Inelastic collision, two cars approach each other at intersection.

[IDKPhysics101]

Two cars approach each other at an intersection. One car has a mass of 928.4 kg and is traveling in the negative y direction with a velocity of 21.4 m/s. The second car has a mass of 951.2 kg and is traveling in the positive x direction with a velocity of 39.5 m/s. If the collision is totally inelastic, what is the magnitude of the resultant velocity (in m/s) after the collision?

V=9.41 m/s?


I don't have time to type my work right now. But will show work if answer is wrong to see where i went wrong.

 

[Delphi51]

I get more than twice that value, but I often make mistakes in calculations. It will be interesting to see your method.

 

[IDKPhysics101]

m1vo1 + m2vo2 = (m1 + m2)V

(928.4)(-21.4) + (951.2)(39.5)=(928.4 + 951.2)V

17704.64=1879.6V

V=9.41

 

[housemartin]

your equation:
m1vo1 + m2vo2 = (m1 + m2)V
is for one dimensional case. But you have a 2D problem.

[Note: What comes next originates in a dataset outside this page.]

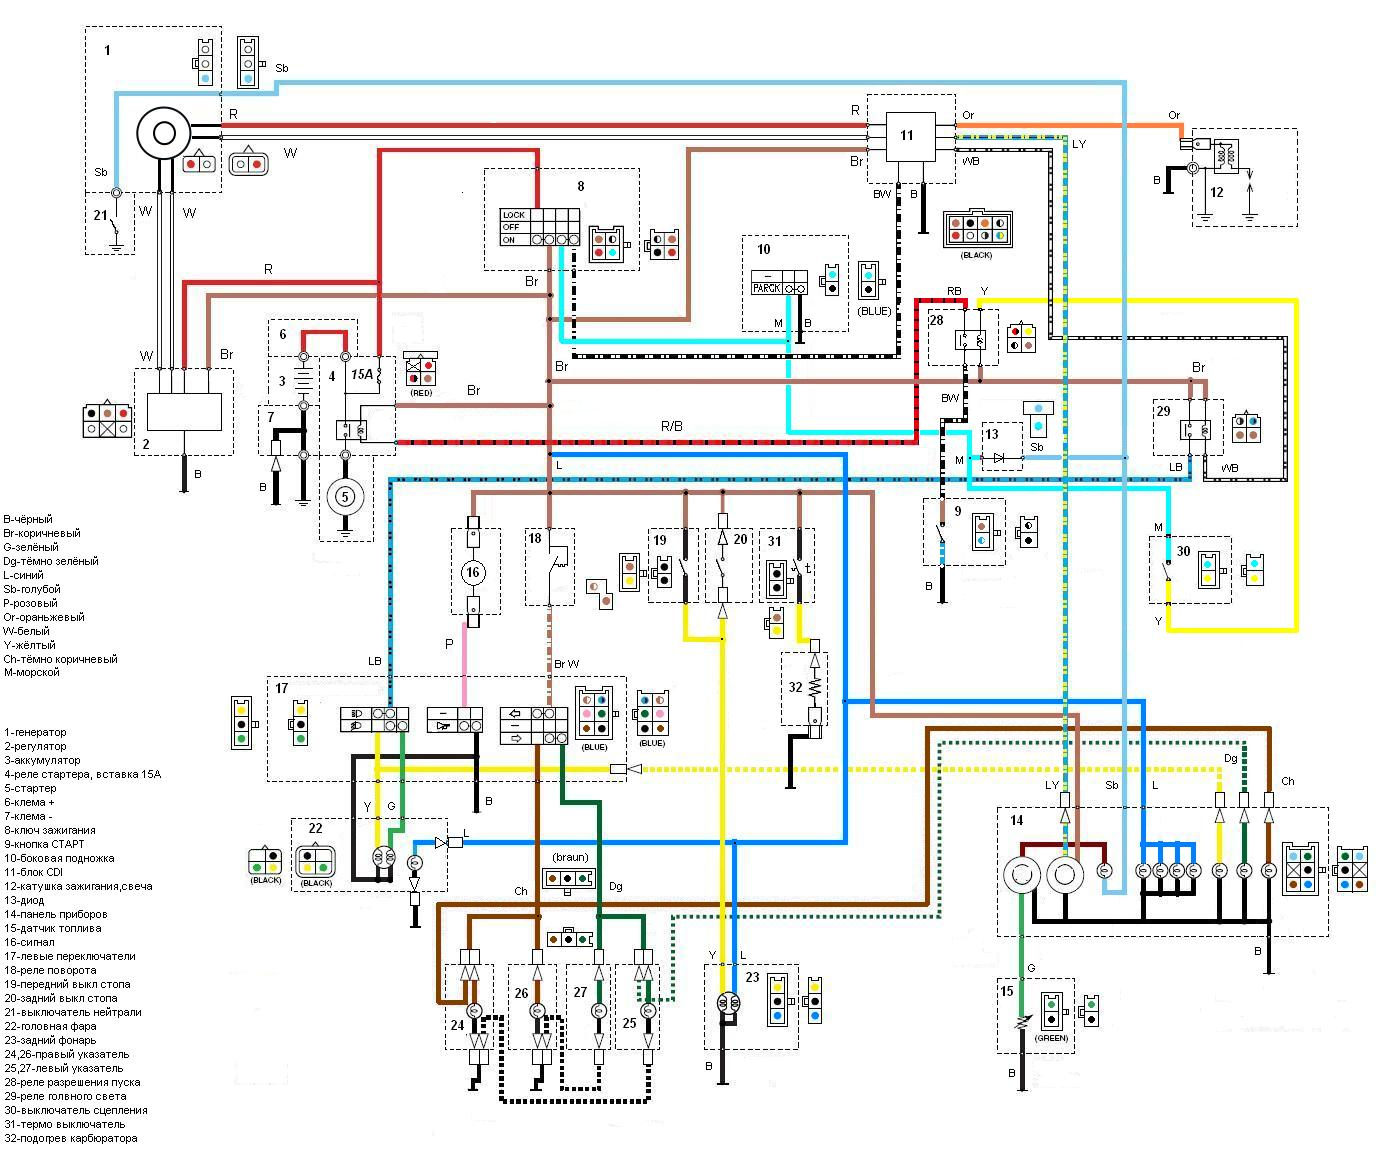 руководство по ремонту и эксплуатации ваз 2107 инжектор скачать
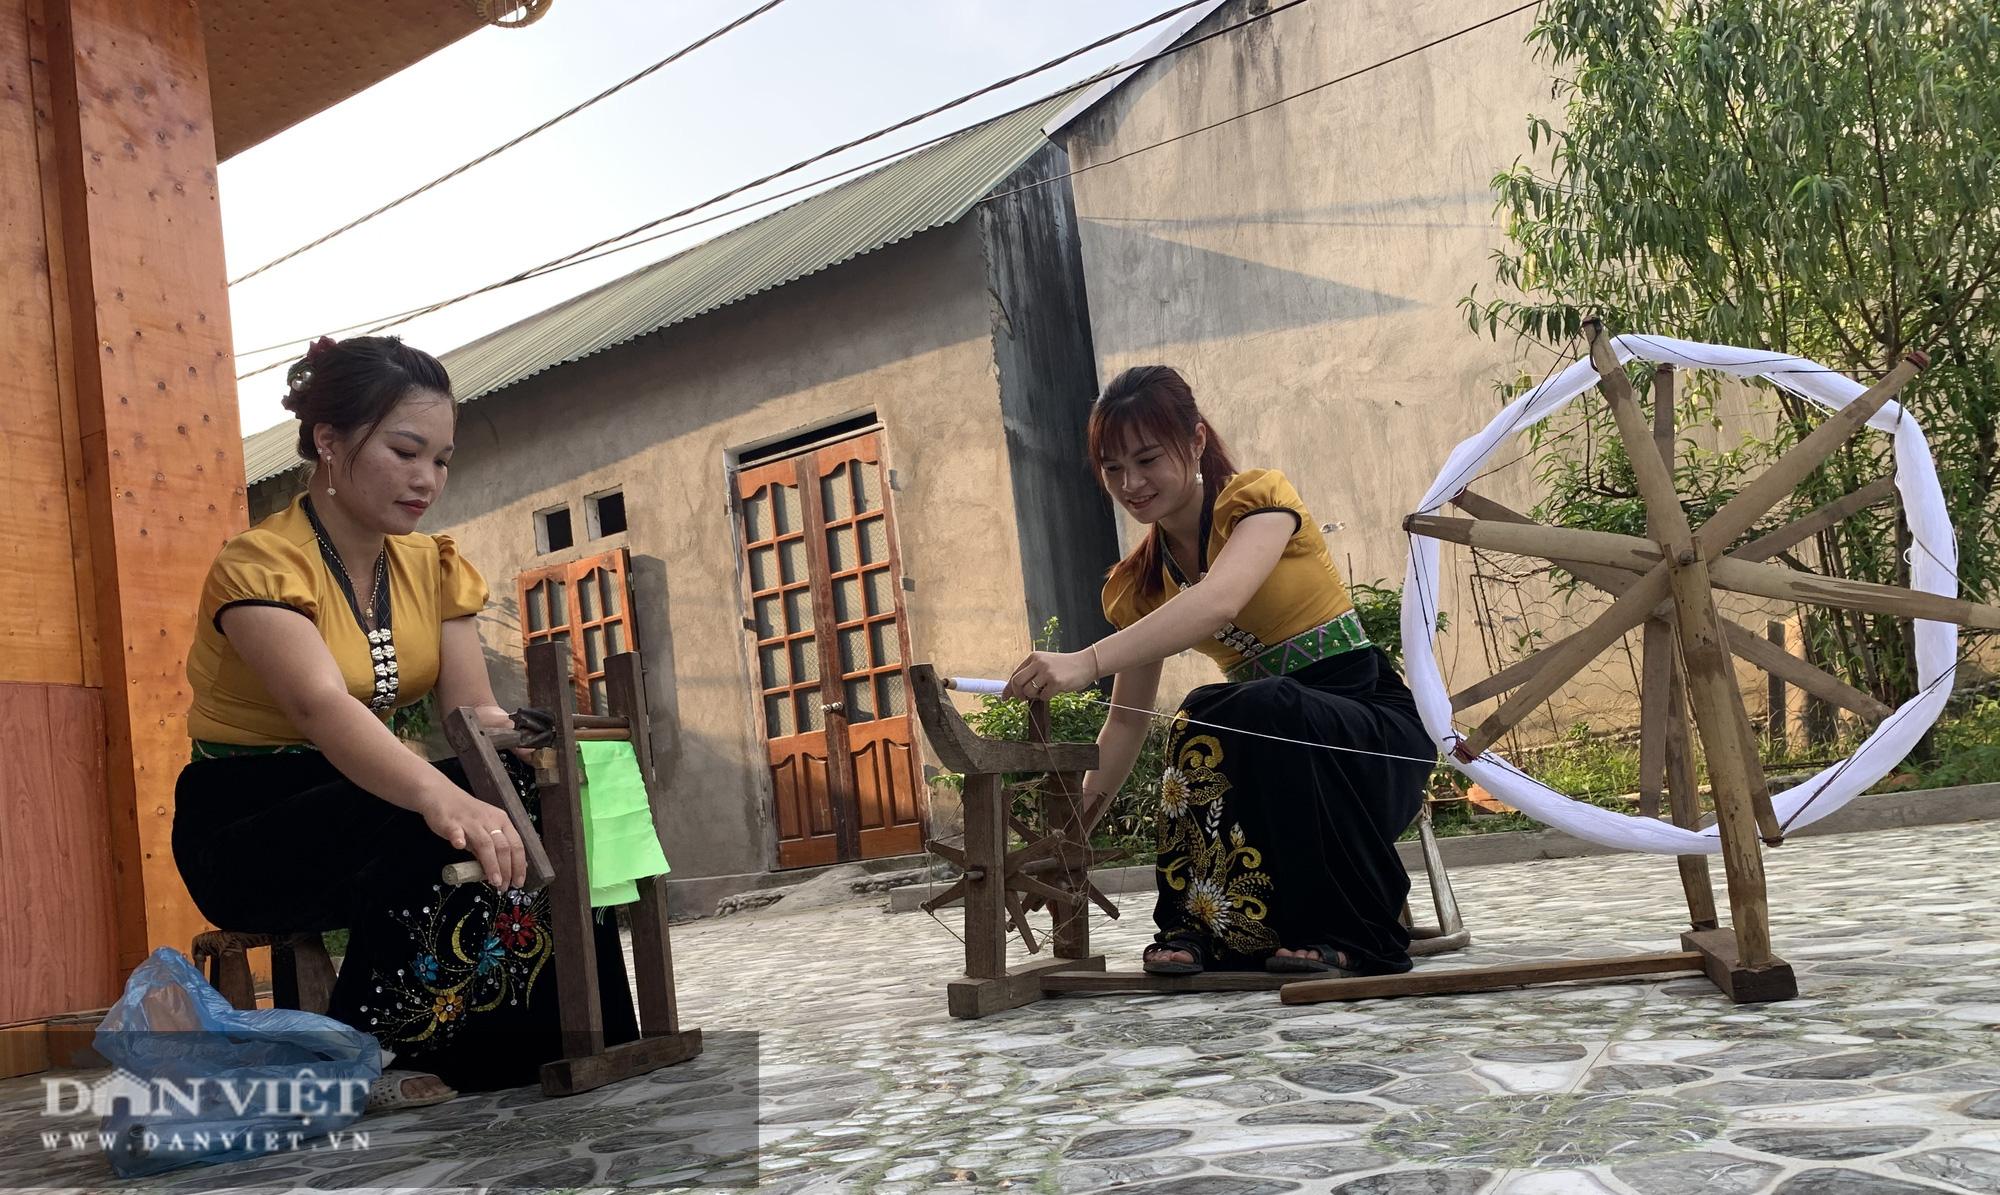 Lai Châu: Quan tâm bảo tồn và tôn vinh văn hóa dân tộc Thái - Ảnh 5.

Momentum is conserved, and so is its y and x components.

 

[IDKPhysics101]

my teacher has not clearly presented the X & Y compents in this type of probelm. would i use something along the lines of that problem but have cos and sin in there somewhere?

 

[housemartin]

Momentum is a vector quantity, just draw those two vectors. That collision is inelastic, means that two masses stick together and travel as one after collision. But because, momentum is conserved, both components of momentum will be conserved too (x and y components). You can simply spot right triangle here, with Pythagorean theorem crying to be used ;]

 

[Delphi51]

North/south: mv before = mv after; solve for vy after
East/west: mv before = mv after; solve for vx after
Combine vx and vy with Pythagorean theorem to get the combined velocity after the collision.